8.6. Any request by the Supplier to alter the price payable for the Goods must be advised in writing to Wills Bros 6 weeks in advance of the proposed effective date.
8.7. Failure to comply with the pricing and delivery requirements (stated above) will lead to invoice processing difficulties and we reserve the right to return the invoice for amendment and re-issue.
8.8. Payment of approved invoices will be made 60 days after the month of invoice unless agreed in writing by Wills Bros and countersigned by a Director of Wills Bros.
8.9. Any assignment of debts to a factoring agent does not remove the contractual relationship between Wills Bros and the Supplier and any dispute resolution will be conducted directly with the Supplier.
8.10. Agency placement fees will only be paid once a satisfactory placement period of three months has elapsed from the start date. We reserve the right to claim repayment of any fees paid should the placement choose to leave the company of their own accord within twelve months of the start date. Any such refund would be pro-rata to the time elapsed from start to finish date.

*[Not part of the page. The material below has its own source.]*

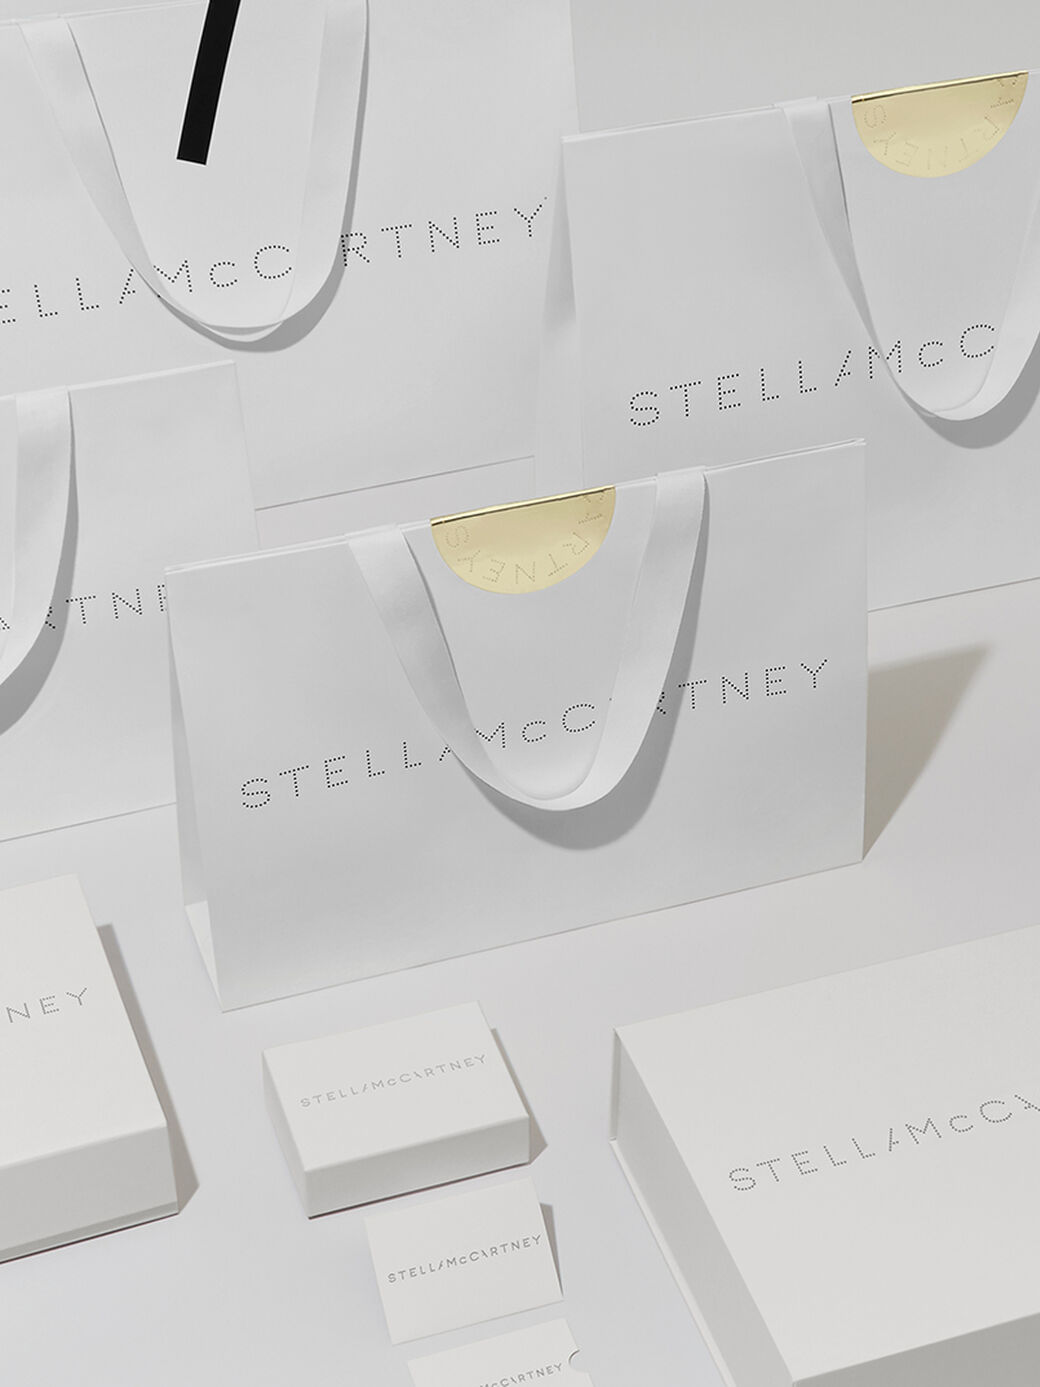 How the blockchain became Stella McCartney's sustainability

8.11. Wills Bros reserves the right to set off debts due to other companies within the Wills Bros group of companies.
9. INDEMNITY
The Supplier shall indemnify Wills Bros against any loss, damage or injury to Wills Bros, any claim in respect of loss, damage or injury made against Wills Bros by third parties and any costs and expenses arising in connection with them which result from the Supplier’s failure to comply with the Agreement and in particular resulting from any defect in the Goods or their materials, services, construction, workmanship or design or any claim that any Goods supplied under the Agreement infringe the intellectual property rights of any third party howsoever caused.
10. INSURANCE
The Supplier shall have insurance against liability to pay damages and costs in respect of third party injury and third party property damage or loss arising in connection with the performance of the Agreement by the Supplier and consequential loss suffered by Wills Bros with an insurance company approved by the Department of Trade and Industry or similar organisation outside the UK. Wills Bros reserves the right to request evidence of the insurance and examine any policy document.
11. CONFIDENTIALITY
All information concerning Wills Bros’ business and its products that the Supplier becomes aware of in connection with the Agreement is confidential and shall not be disclosed to a third party.

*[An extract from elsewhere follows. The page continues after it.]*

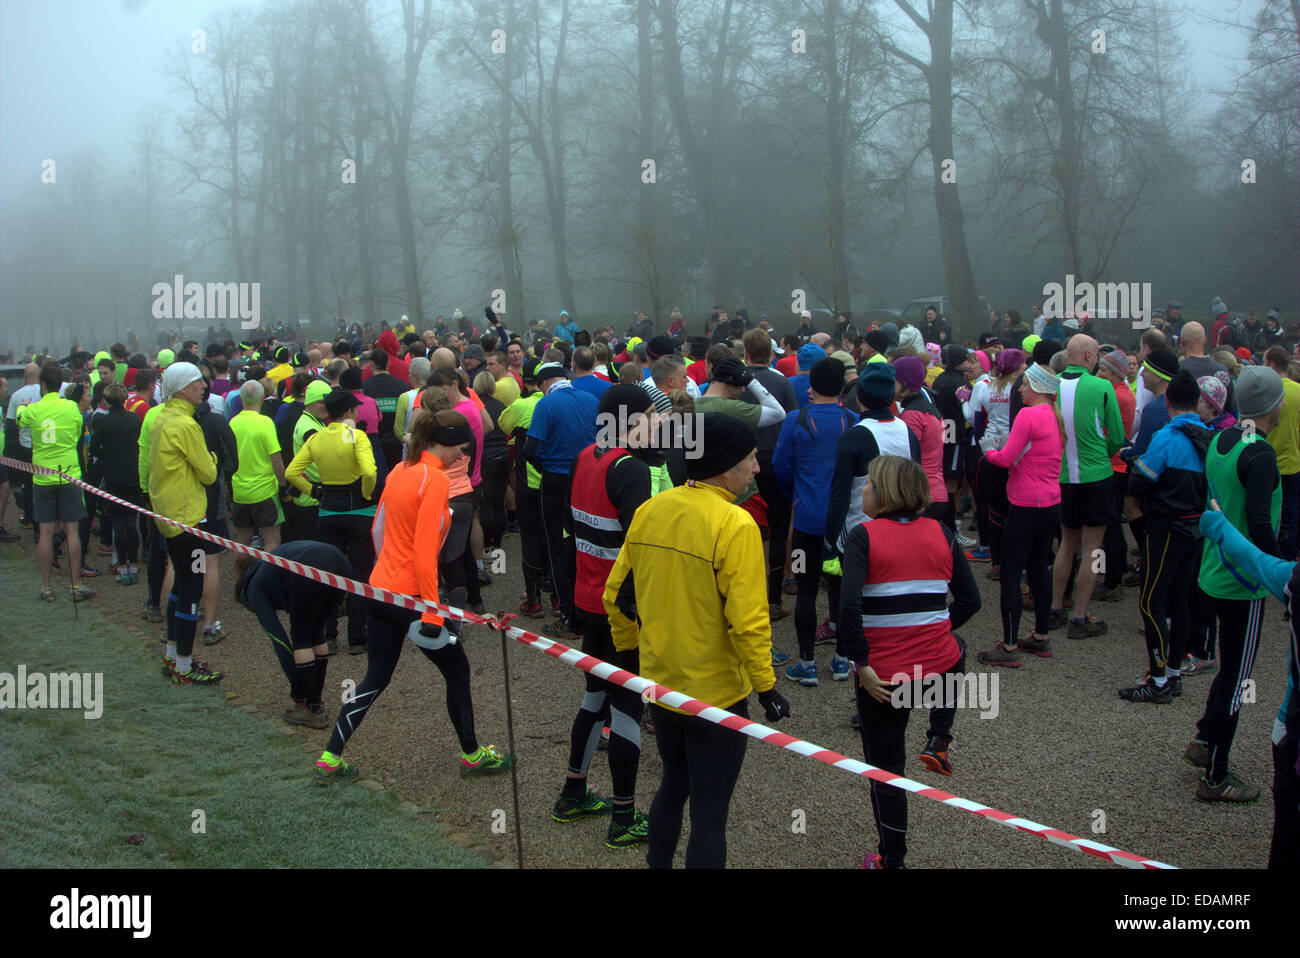 Alamy cliveden  On a misty & frosty January morning the Burnham Joggers held their annual 10k run, not as cold Stock Photo

12. STATUTORY AND OTHER REQUIREMENTS
The Supplier warrants that they have fully complied with all relevant statutes, regulations, orders, bylaws, and standards in force at the time of delivery.
13. FORCE MAJEURE
Neither party will be liable to the other for failing to comply with any of its obligations hereunder if, and to the extent that such failure is wholly and directly caused by an event beyond their reasonable control including without limitation, fires, floods, Governmental regulations, wars and industrial action, provided that the party affected shall immediately notify the other party thereof and shall thereafter exert all reasonable diligence to overcome such cause and resume performance of its obligations.
14. ASSIGNMENT AND SUB-LETTING
The Supplier shall not assign the Agreement in whole or part without the prior written consent of Wills Bros.
15. NOTICES
Any notice required to be served on the other party under this Agreement shall be in writing. Such notices may be served by hand or 1st class post to the business address of the parties or by facsimile transmission to such address or number as either party may notify to the other from time to time for this purpose.
16. LAW AND CONSTRUCTION
16.1. The construction, validity and performance of the Agreement shall in all respects be governed by Scottish Law and the parties shall submit to the non-exclusive jurisdiction of the Scottish Court of Session.
16.2. The headings of conditions are for convenience of reference only. In accordance with HMRC legislation under Part 13 CTA 2009, Wills Bros Civil Engineering Ltd may claim R&D tax credits on orders placed if services are of qualifying nature.